Spesa totale: tutto incluso, dai voli ai fazzoletti di carta 2.000 euro precisi a testa.

Voli Milano Jakarta A/R + assicurazione sanitaria Expedia: Etihad 746 euro a testa

Volo Jakarta Manado: Garuda 97 euro a testa

Volo Manado Makassar: Air Asia 93 euro a testa

Volo Makassar Jakarta: Garuda 114 euro a testa

Vale la pena sottolineare che la rupia da fine estate e nel corso dell’autunno ha perso tantissimo sull’euro rispetto ad agosto, considerate sulle stesse cifre un bel 20% in meno al momento in cui scrivo

JAKARTA

Arriviamo a Jakarta dopo due scali e 20 ore di viaggio la mattina all’alba. Il tempo già butta male e sul taxi inizia a piovere a dirotto. Il taxi è rigorosamente Blue Bird, come raccomandato dalle guide e dagli altri viaggiatori, e anch’io posso confermare che è una compagnia affidabile, senza contare che ha taxi praticamente ovunque. Arriviamo alla guesthouse Six Degrees ma visto che la camera si libererà solo nel pomeriggio ci facciamo un caffè, ci riposiamo un po’ e al termine dell’acquazzone andiamo alla scoperta della città. Che effettivamente ha confermato le aspettative di città invivibile e alquanto brutta, assediata da un traffico inimmaginabile. A mio avviso da vedere c’è veramente poco: merita il Museo Nazionale con una collezione enorme proveniente da tutte le isole dell’arcipelago, mentre la zona storica-coloniale Kota non è nulla di speciale. Restaurata solo in parte, non merita una sosta in città. Ma tant’è… ce la giriamo un po’, è domenica e tutti sono in giro a passeggio. Accanto alla stazione di Kota, monumento risalente anch’esso al periodo coloniale, si affollano banchetti che vendono cibo e merce da poco. Tutto è molto sporco e misero, i marciapiedi pieni di buche e sono felice di essermi tenuta ai piedi le scarpe da trekking. Prossimi al collasso, torniamo alla GH e ne usciamo verso le 22 – è già buio da tre ore – per mangiare un boccone. La zona in cui siamo – Jalan Cikini Raya – è vicina all’università e per strada girano molti ragazzi. Vicino c’è anche un centro culturale chiamato TIM con intrattenimento e posti dove mangiare ma a quest’ora sta chiudendo. A locali abbastanza chic, pieni di 20-30enni con iPad, si alternano immondezzai a cielo aperto; 200 metri in giù c’è la stazione con la gente, incluse donne e bambini, che dorme sui gradini, ma nella via perpendicolare ci sono molte ville di lusso con ringhiere altissime e telecamere.
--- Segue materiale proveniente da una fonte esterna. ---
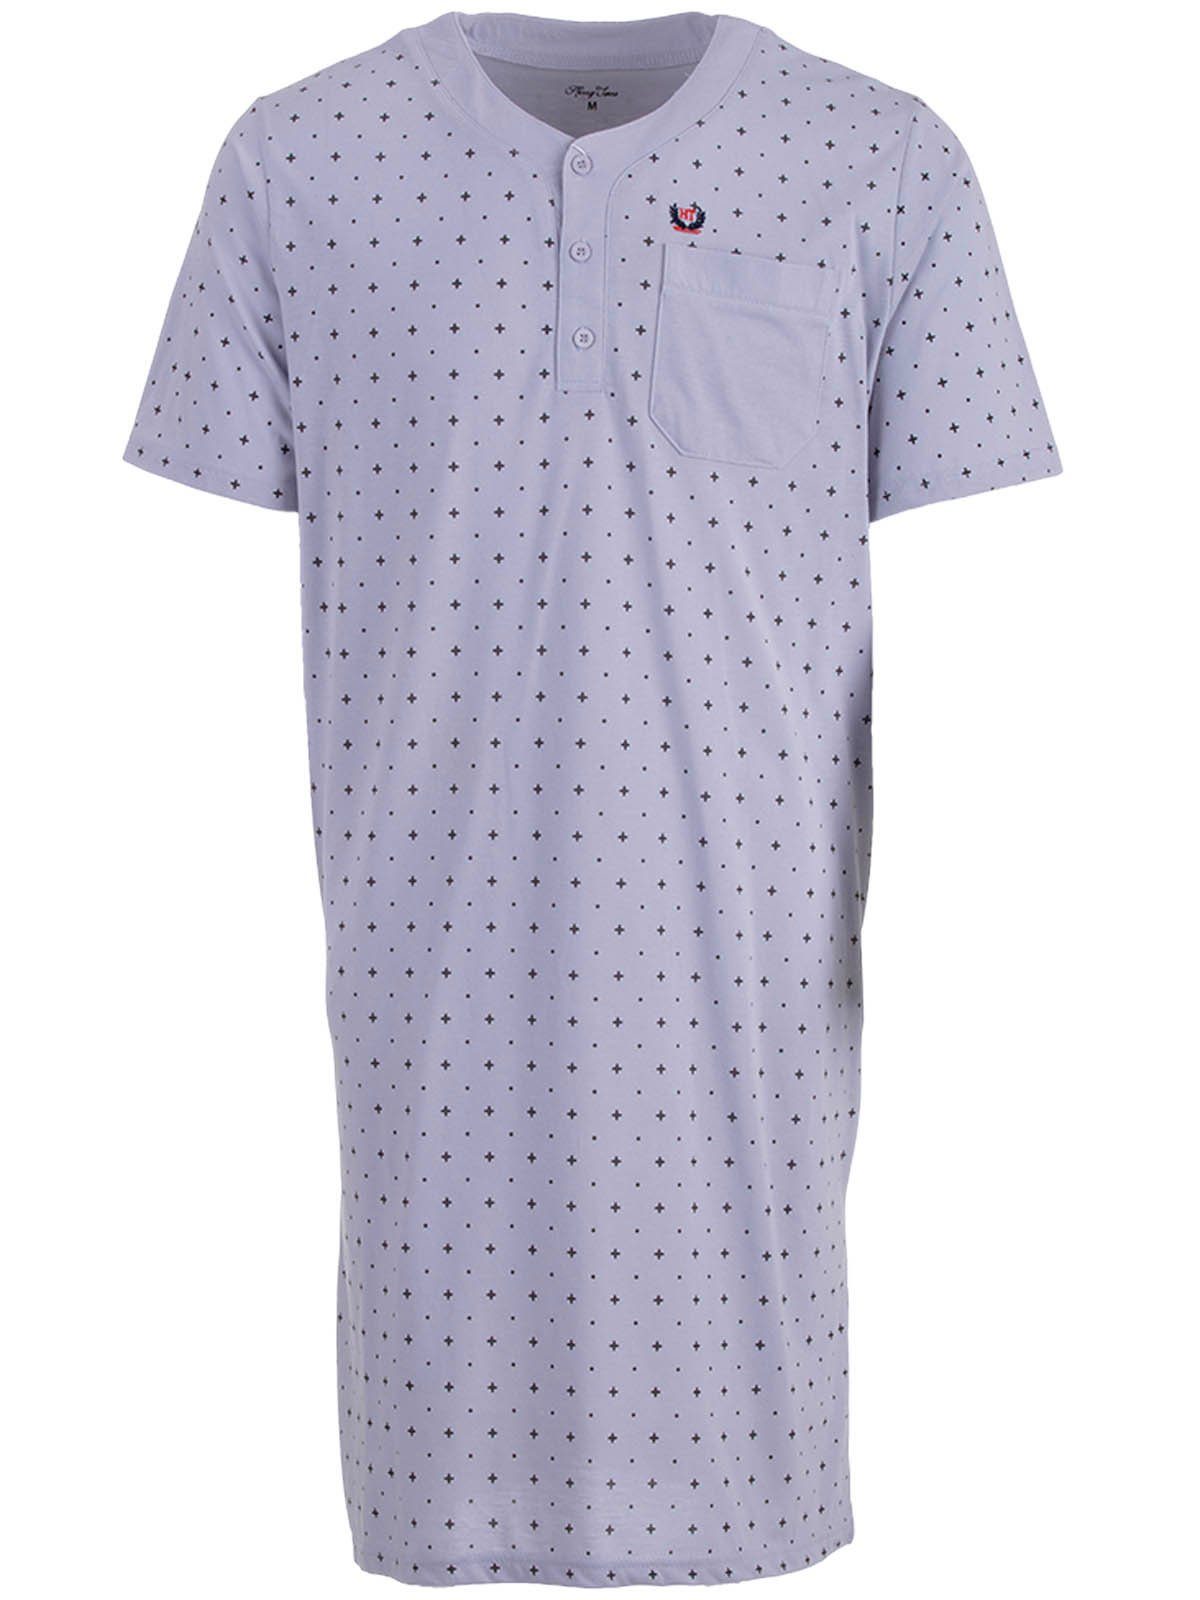 Henry Terre Nachthemd Nachthemd Kurzarm - Punkte Kreuz grau
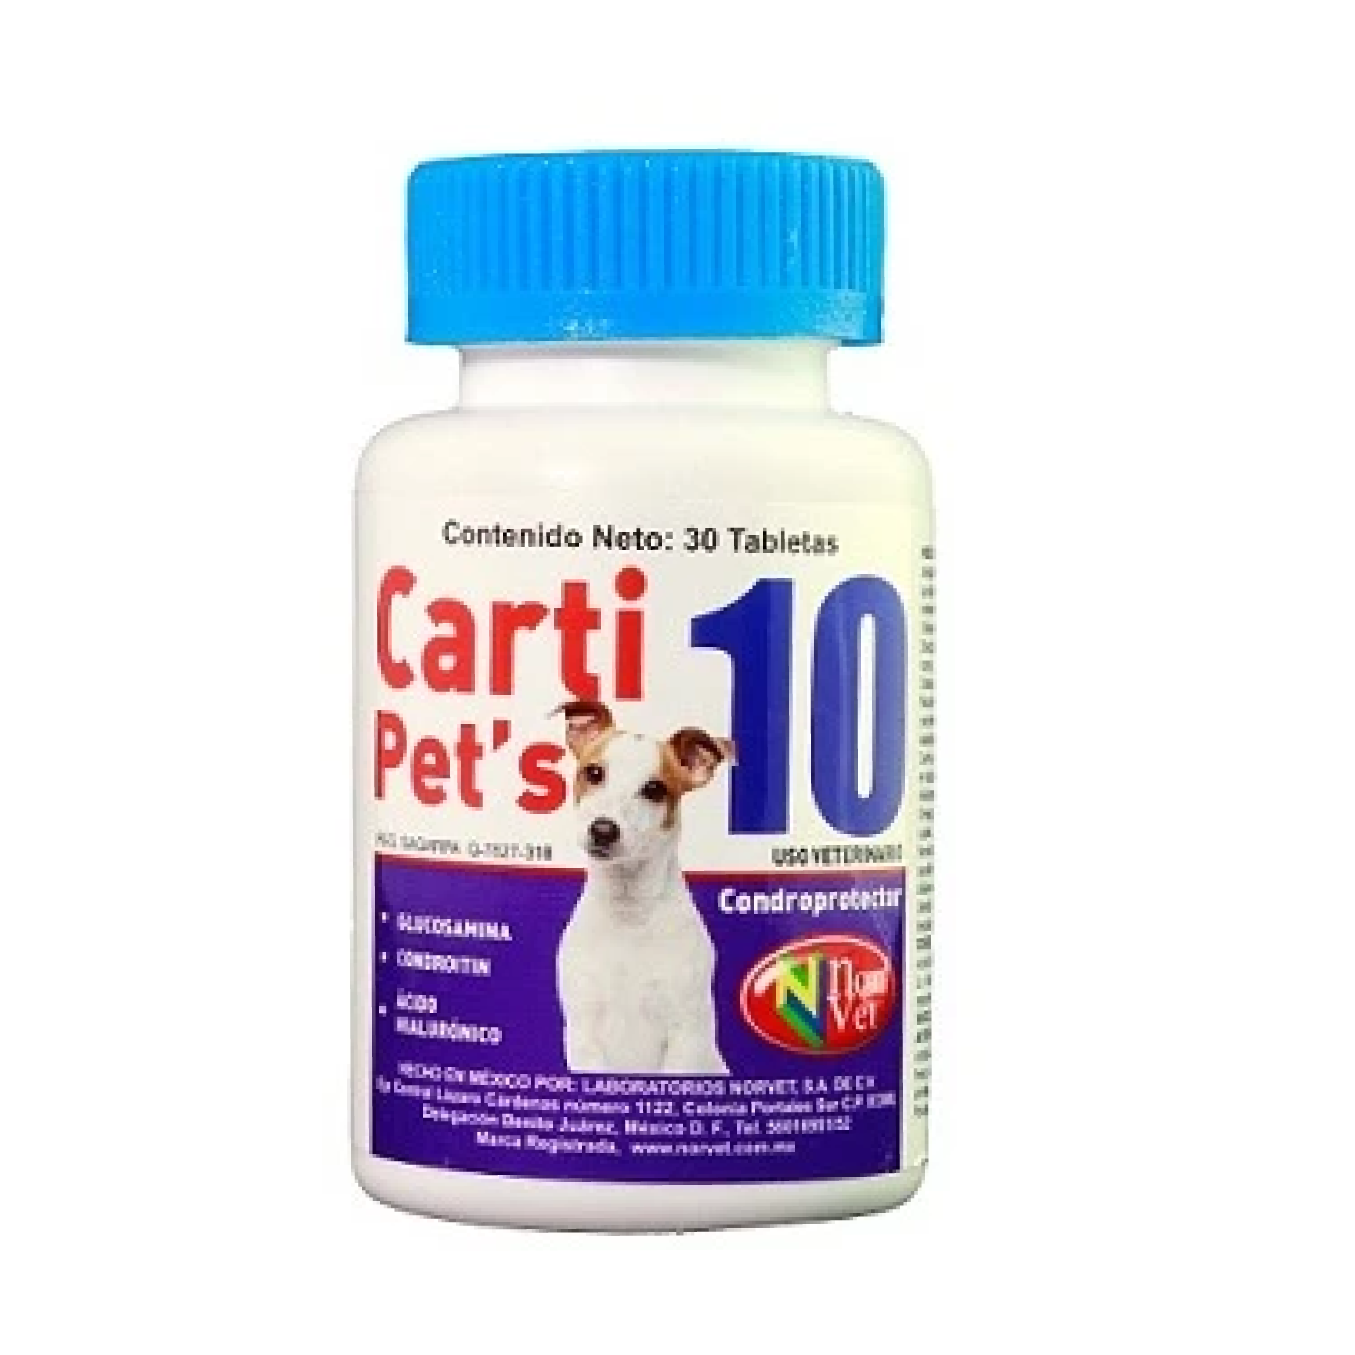 Carti Pets 10 Norvet  30 Tabletas - Condroprotector glucosamina para perro acido hialuronico

Il giorno dopo ci svegliamo con grandissima calma e in attesa di riprendere l’aereo per Manado andiamo a rinfrescarci nel più lussuoso centro commerciale della città, Plaza Indonesia. Questa città pare non abbia mezze misure e inquietano (e in parte rassicurano) le misure di sicurezza contro possibili attentati, che in un passato nemmeno troppo lontano non sono mancati. Arrivando con il taxi ogni auto viene controllata ai metal detector, sia dentro che sotto attraverso specchi. Tanto che con un certo sollievo ci dirigiamo in aeroporto, con larghissimo anticipo a causa del traffico: 40 minuti solo per percorrere i 2 km tra il Plaza Indonesia e la guest house, e poi via – in coda – verso l’autostrada. Dai che da domani le vacanze iniziano sul serio!

BANGKA

Arriviamo a Manado che è sera tardi e dormiamo in una guets house in città (Grace Inn Hotel), ma tra andare e tornare avremmo fatto meglio a pernottare vicino all’aeroporto. L’indomani abbiamo appuntamento con un taxi che ci porterà al porticciolo di Likupang e quindi all’isola di Bangka, dove sorge il resort Coral Eye, gestito da due ragazzi italiani che da biologi marini si sono reinventati una nuova professione. Nel migliore dei modi, perché il posto è favoloso in ogni senso: molto semplice e accogliente, tuttavia appaga anche la vista con un design curato e pulizia minuziosa e il gusto con un’ottima cucina italo-indonesiana (dove vi capita di sentir gridare ‘A tavolaaaa!!!’ al di là della linea di Wallace..). Oltre ai turisti quasi tutti italiani, e casualmente quasi tutti di Milano, come noi – forza del passaparola – vengono ospitati anche ricercatori di biologia marina sia italiani che stranieri visto che insieme al resort hanno messo in piedi anche un laboratorio per progetti di studio sui pesci e coralli. Insomma, questo è un posto speciale.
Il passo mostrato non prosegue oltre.